Ultrastructure of the AWB cilia in wild-type (A), kap-1(ok676); klp-11(tm324) (B) and osm-3(p802) (C) mutant animals. The cilium is outlined by a dashed line. Images were acquired at 60,000-fold magnification. Lengths of the middle, distal and far-distal segments were approximately 2, 5 and 1 μm, respectively. Arrowheads indicate singlet microtubules, closed and open arrows indicate doublet microtubules in the AWB, and channel cilia, respectively. Note the absence of an axoneme in the far-distal segment. Scale bars, 0.2 μm.

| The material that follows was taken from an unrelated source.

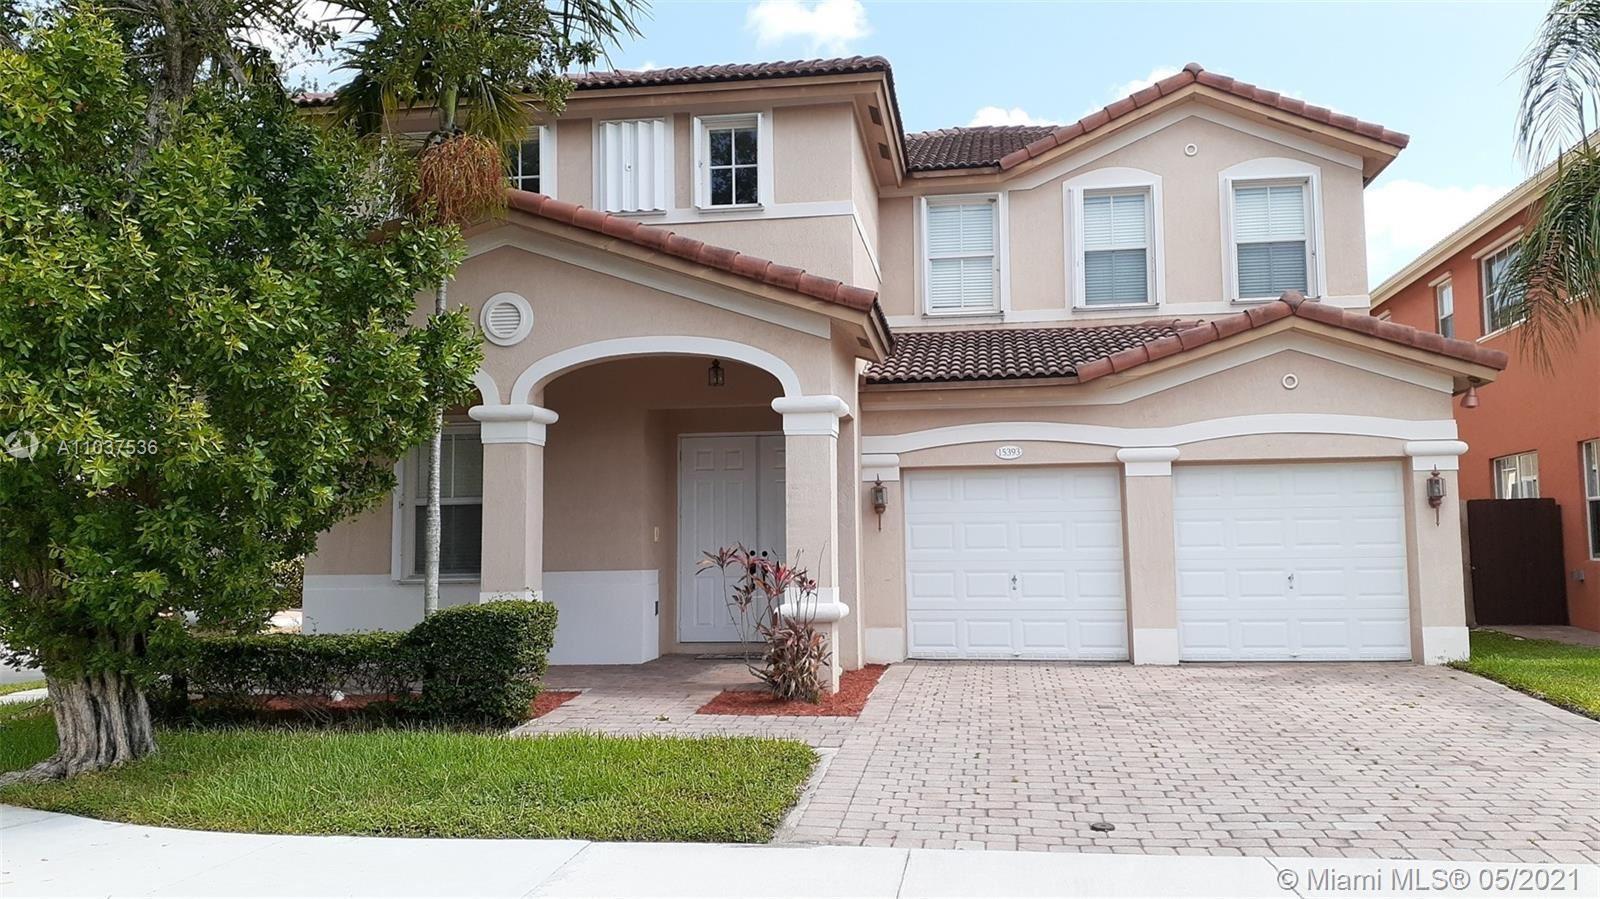 15393 SW 93rd St, Miami, FL 33196 - #: A11037536

Movement of GFP-tagged KAP-1 in the ASH/ASI (A, C) and AWB (B, D) cilia. For each panel, still images (left) and kymographs (right) from representative movies of KAP-1∷GFP transport are shown. Histograms of KAP-1∷GFP velocities are shown below in each panel. For each still image, the genetic background is indicated in the top left corner, the imaged cilia in the top right corner and the fusion protein examined in the bottom left corner. Dashed lines on the still images indicate the continuous lines used to generate the kymographs. The osm-3(p802) allele was used. Scale bars in still images are 5 μm. Scale bars in kymographs are as follows: horizontal bar, 5 μm; vertical bar, 5 s. M, middle segment; D, distal segment. No ASH/ASI distal segments are formed in osm-3 mutants. Statistical analyses are shown in Supplementary Tables 2 and 3.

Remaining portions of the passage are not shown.